What made the few decades before 1970 extraordinary compared to much of history is that total factor productivity increased particularly rapidly. In the United States, TFP growth was four times faster between 1920 and 1970 than between 1890 and 1920.7 In fact, it was this rather than growth in education or capital per worker that gave the later period its special mojo. TFP growth in Europe was even faster than in the United States, especially after the war, partly because Europe adopted innovations already developed in the US.

Rapid growth was not only to be seen in national income statistics. By any measured outcome, quality of life was radically different by 1970 compared to what it was in 1920. The average person in the West ate better, had more heat in the winter and better cooling in the summer, consumed a larger variety of goods, and lived a longer and healthier life.9 With a shorter workweek and earlier retirement, life was no longer quite so dominated by the drudgery of daily labor. Child labor, omnipresent in the nineteenth century, had more or less disappeared in the West. There, at least, children could now enjoy their childhoods.
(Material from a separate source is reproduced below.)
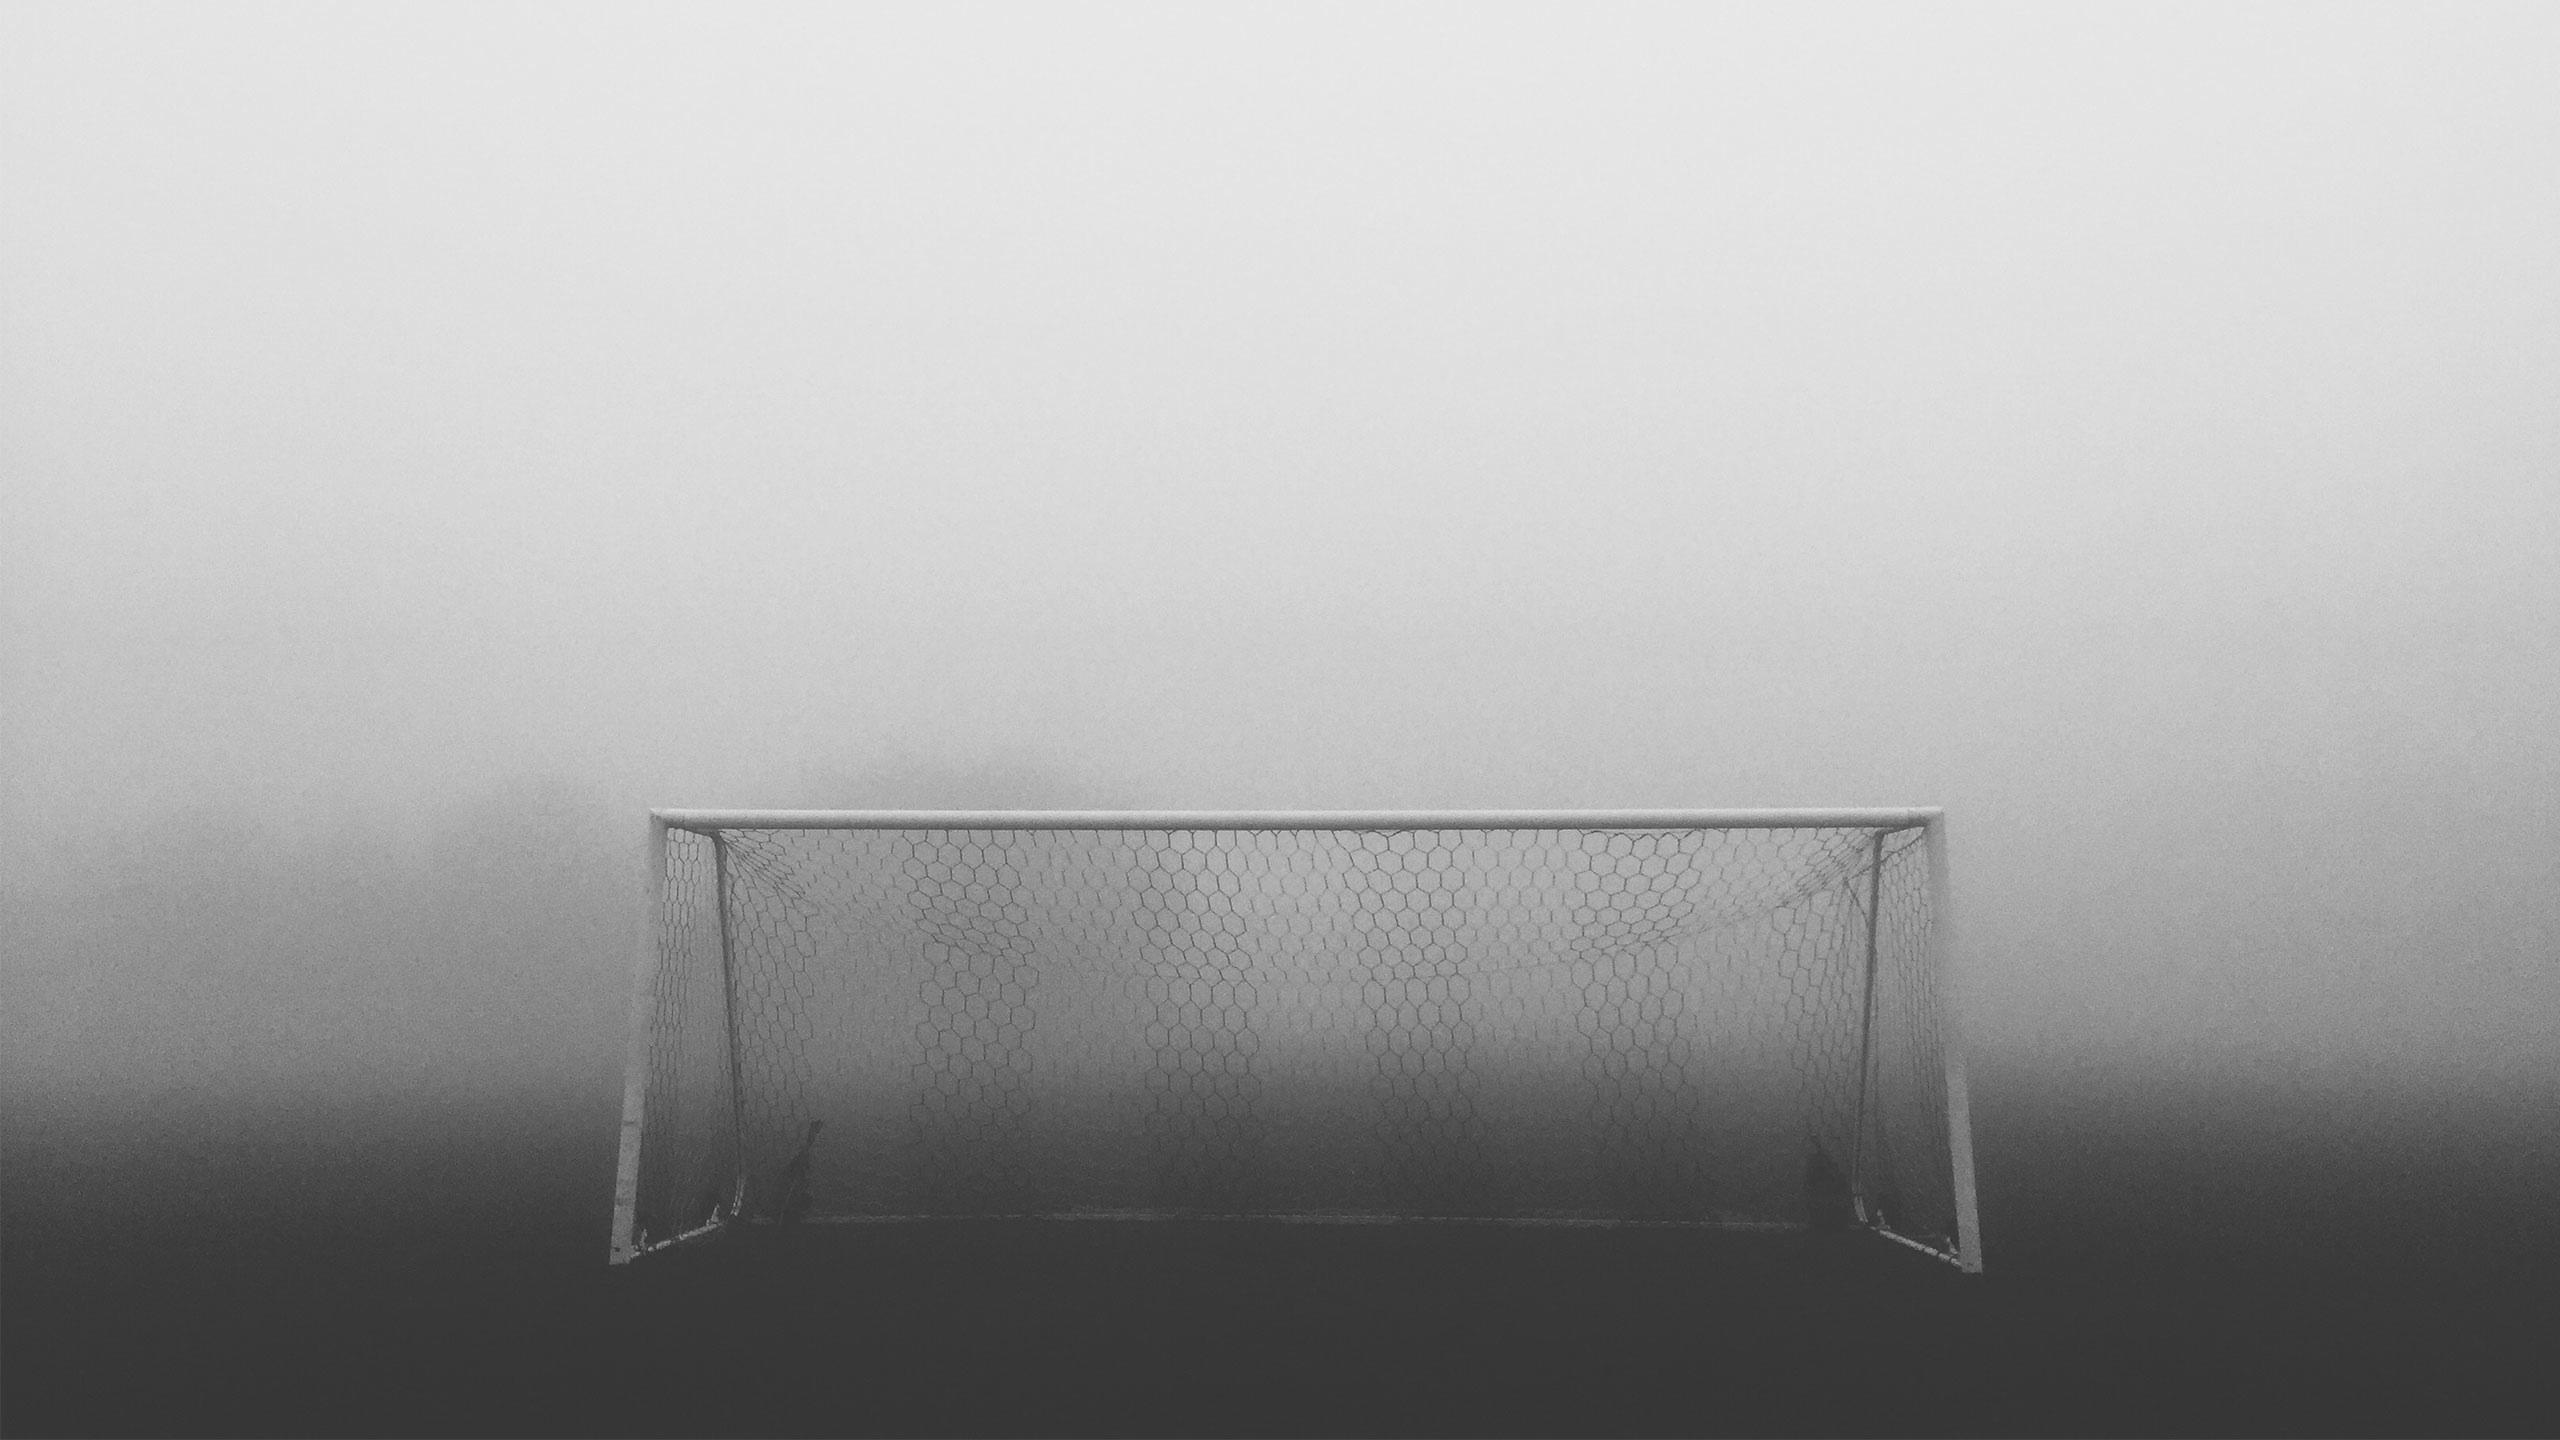 Football goal, black and white photo.

But in 1973 (or thereabouts) it all stopped. On average, over the next twenty-five years, TFP has grown at only a third of the rate achieved in 1920–1970. What started with an economic crisis with a clear start date, and even a set of foreign powers to blame, became the new normal. The persistence of the slowdown was not immediately apparent. Born and bred during the golden age of economic growth, scholars and policy makers initially believed it was a temporary blip, soon to fix itself. By the time it became clear that slow growth was not just an aberration, the latest hope was that a new industrial revolution, spurred by computing power, was right around the corner. Computing power was increasing at a faster and faster speed, and computers were being introduced everywhere, much as electricity and the combustion engine once were. This would surely translate into a new era of productivity growth that would pull the economy with it. And indeed it finally happened. Starting in 

1995, we saw a few years of high TFP growth (though still significantly less than in the go-go years). It faded quickly, however. Since 2004, TFP growth and GDP growth both in the United States and in Europe seem to be back to the bad days of 1973–1994.11 In the United States, GDP growth did pick up in mid-2018, but TFP growth remains slow. Over the year, TFP grew only at an average of 0.94 percent,12 compared to the 1.89 percent achieved during the 1920–1970 period.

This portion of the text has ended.